- **EXERCISE BRIEF**
Counting the line with "Atraídos pelo SPI" as the last one, copy out the lines of the data exactly from the first onward.

══ DATASET ENTRIES

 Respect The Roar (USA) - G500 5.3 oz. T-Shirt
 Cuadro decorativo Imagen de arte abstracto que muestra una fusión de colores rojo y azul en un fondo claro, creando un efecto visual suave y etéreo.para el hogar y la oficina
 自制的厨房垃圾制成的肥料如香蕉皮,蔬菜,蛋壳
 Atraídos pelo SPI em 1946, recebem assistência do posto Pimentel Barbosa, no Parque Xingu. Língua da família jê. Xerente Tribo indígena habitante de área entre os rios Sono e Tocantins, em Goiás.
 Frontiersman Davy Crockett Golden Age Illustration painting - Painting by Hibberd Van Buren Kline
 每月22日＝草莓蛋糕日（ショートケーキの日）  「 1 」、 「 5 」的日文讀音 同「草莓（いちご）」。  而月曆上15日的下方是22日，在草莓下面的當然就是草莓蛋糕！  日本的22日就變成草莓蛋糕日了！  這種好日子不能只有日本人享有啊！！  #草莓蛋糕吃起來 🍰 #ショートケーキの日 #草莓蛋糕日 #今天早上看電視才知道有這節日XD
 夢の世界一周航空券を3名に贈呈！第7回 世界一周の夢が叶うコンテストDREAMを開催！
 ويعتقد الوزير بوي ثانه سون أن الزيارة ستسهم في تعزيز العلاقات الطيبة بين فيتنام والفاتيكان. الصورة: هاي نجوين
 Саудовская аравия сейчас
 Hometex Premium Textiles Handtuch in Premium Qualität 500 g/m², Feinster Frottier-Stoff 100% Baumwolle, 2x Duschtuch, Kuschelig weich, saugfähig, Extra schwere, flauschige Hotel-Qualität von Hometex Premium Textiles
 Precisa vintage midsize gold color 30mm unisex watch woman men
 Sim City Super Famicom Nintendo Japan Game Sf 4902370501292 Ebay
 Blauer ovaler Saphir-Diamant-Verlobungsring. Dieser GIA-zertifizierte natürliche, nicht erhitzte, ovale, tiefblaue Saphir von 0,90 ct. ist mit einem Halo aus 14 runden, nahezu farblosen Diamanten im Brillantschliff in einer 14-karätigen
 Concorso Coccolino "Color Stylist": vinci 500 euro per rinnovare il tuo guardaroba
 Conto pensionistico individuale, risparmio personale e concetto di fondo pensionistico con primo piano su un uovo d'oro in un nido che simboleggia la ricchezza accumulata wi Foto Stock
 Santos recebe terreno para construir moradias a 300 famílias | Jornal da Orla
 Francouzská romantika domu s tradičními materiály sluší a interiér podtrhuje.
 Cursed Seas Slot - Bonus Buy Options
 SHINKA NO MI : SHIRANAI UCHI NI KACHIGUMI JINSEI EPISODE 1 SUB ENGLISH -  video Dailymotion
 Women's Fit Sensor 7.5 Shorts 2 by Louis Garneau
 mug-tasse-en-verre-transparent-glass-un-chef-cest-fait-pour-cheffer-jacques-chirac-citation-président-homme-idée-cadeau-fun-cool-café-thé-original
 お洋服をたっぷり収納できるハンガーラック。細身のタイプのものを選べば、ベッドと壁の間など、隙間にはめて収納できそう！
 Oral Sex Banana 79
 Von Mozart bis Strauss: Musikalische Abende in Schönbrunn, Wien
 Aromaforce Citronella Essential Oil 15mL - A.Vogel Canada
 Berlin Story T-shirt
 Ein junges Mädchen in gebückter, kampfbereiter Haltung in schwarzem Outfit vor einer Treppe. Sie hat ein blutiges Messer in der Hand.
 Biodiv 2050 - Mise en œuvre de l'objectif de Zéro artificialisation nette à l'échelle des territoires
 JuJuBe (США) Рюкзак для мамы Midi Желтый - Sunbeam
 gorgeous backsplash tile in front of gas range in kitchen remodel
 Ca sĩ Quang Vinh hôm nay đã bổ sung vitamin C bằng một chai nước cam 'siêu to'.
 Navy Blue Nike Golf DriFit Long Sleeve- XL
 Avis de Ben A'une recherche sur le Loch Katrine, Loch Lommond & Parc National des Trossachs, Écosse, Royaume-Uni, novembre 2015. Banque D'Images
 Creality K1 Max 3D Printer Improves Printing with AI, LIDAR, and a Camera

════

- **RESPONSE TO THE EXERCISE**
 Respect The Roar (USA) - G500 5.3 oz. T-Shirt
 Cuadro decorativo Imagen de arte abstracto que muestra una fusión de colores rojo y azul en un fondo claro, creando un efecto visual suave y etéreo.para el hogar y la oficina
 自制的厨房垃圾制成的肥料如香蕉皮,蔬菜,蛋壳
 Atraídos pelo SPI em 1946, recebem assistência do posto Pimentel Barbosa, no Parque Xingu. Língua da família jê. Xerente Tribo indígena habitante de área entre os rios Sono e Tocantins, em Goiás.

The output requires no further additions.